Although I did not have ready access to a current-day UW–Madison freshman, I do have a UW–Madison senior living in my house (physics major Andrew Barnes x’24). I figured he would do to provide a contemporary student perspective on this 1950s recipe and informed him that he was required to be a food critic. As the ingredients sat on the counter for a few days while I gathered the motivation to make the recipe, Andrew eyed the fluorescent green and red cherries with a sense of dread. Once I made and tasted the dressing, I mentioned that I was having second thoughts about the dry mustard and vinegar. “Don’t worry,” he said. “We’ll get through this together.” (He is surprisingly reassuring for an undergrad.)

Andrew’s Reaction:
Andrew commented that the unmolded salad looked “lumpy,” or, more specifically, like “a sad corpse of a ghost and its remaining ectoplasm that it left behind.” His take: “It’s initially smooth with a mild marshmallow flavor — a pretty okay dessert, if unappealing in appearance. It has an interesting texture with a nice little bit of crunch from the nuts — but the aftertaste! You begin to taste the vinegar and mustard in the back of your throat. [Insert coughing sounds here.] It tastes like you just gargled barbed wire. It’s disjointing between the mild fluffy taste and a bitter, acidic sensation that makes me think I just ate poison that was disguised as a treat. It tastes like the secret ingredient is battery acid.” The final analysis: “Marshmallow Fluff would be half the effort and twice as good.”

Niki’s reaction:
I largely agree with Andrew, though without as much of the typical Zoomer/Millennial love for hyperbole. I found myself picking out the red and green candied cherries and leaving them on the plate. The regular cherries, the pineapple, the nuts, and the sweetness of the dressing were good, but the strong vinegar aftertaste and throat feel was alarming and persistent. One benefit, however, was that this “salad” was strangely satiating. As a Boomer with a guilty weakness for old-fashioned desserts like Pink Fluff, I could easily consume half a batch at one sitting, probably because one’s stomach doesn’t register it as actual food. That was impossible to do with this recipe. I had one normal-sized serving and called it quits. Perhaps Gulley was on to something after all, and the reason for the vinegar was to balance what could have been an overly sweet dish. But a cup? I checked the recipe to make sure that I hadn’t misread it. Nope. He calls for a cup, with a concession to the sharpness of the suspect ingredient in the form of an option to use ¾ cup vinegar with ¼ cup water (which I did).

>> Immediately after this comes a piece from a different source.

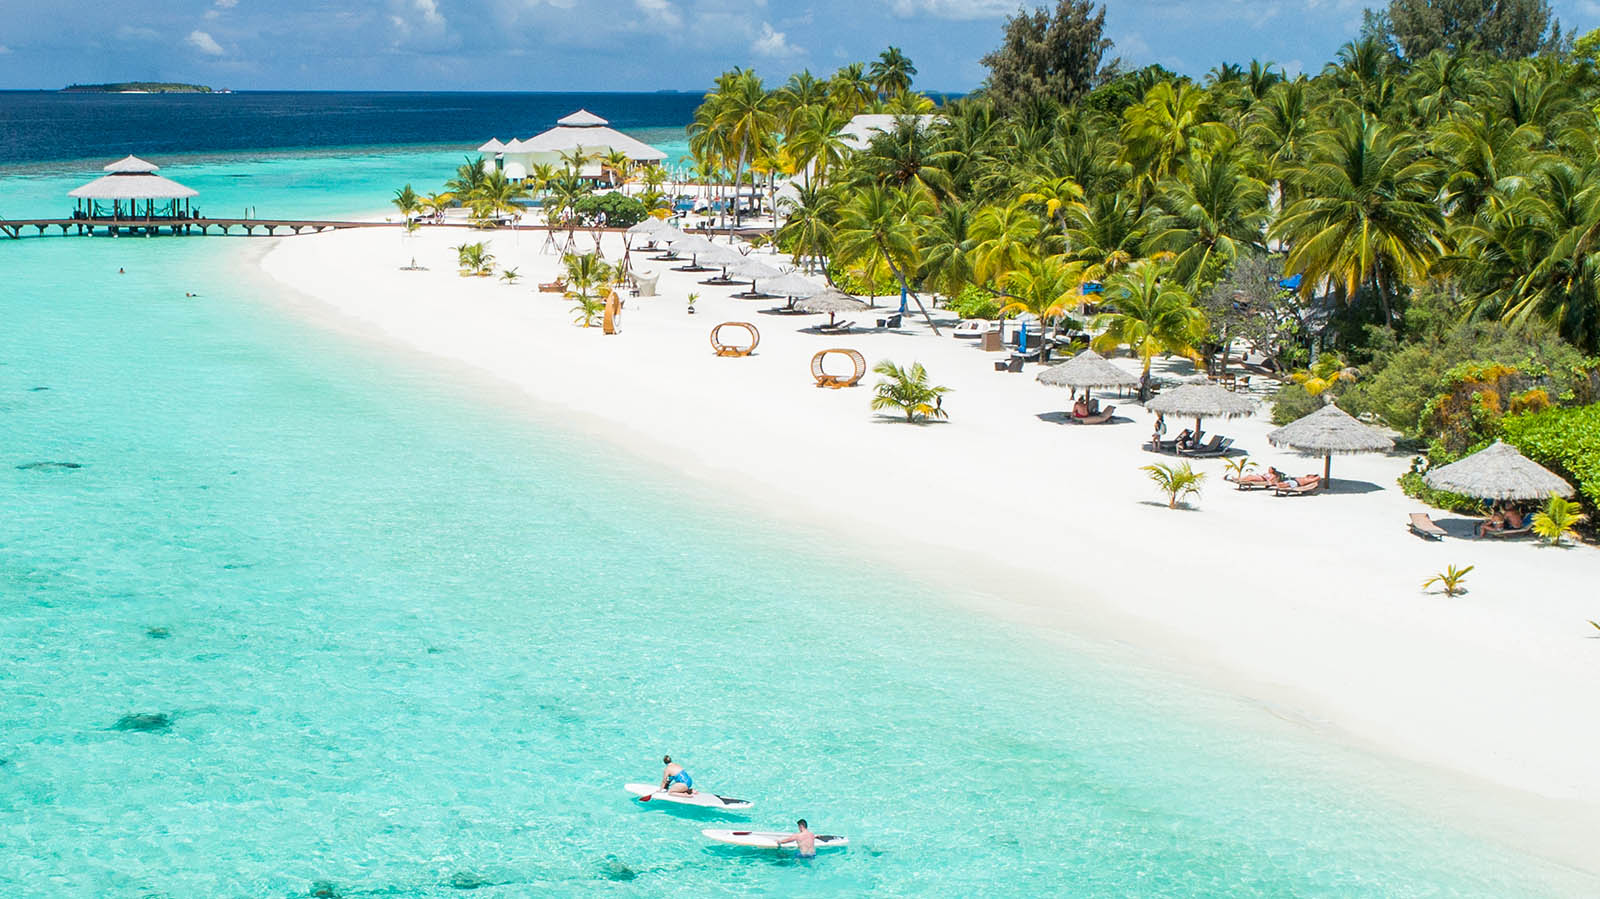 Kihaa Maldives Resort beach

If you are craving a Christmas Fluff for your holiday table, you’ll find lots of updated versions on the internet involving the requisite red and green candied fruit and even the addition of crushed candy canes. They tend to rely on instant pudding and the ingredient favored by Fluff lovers and moms everywhere: Cool Whip, which was not available to Gulley, because it wasn’t invented until 1966. My advice is to go with one of those newer, updated recipes.

Bottom line: In a refinement of Andrew’s analysis, I’d say the regular Fluff recipes would take one-tenth of the time and taste five times as good.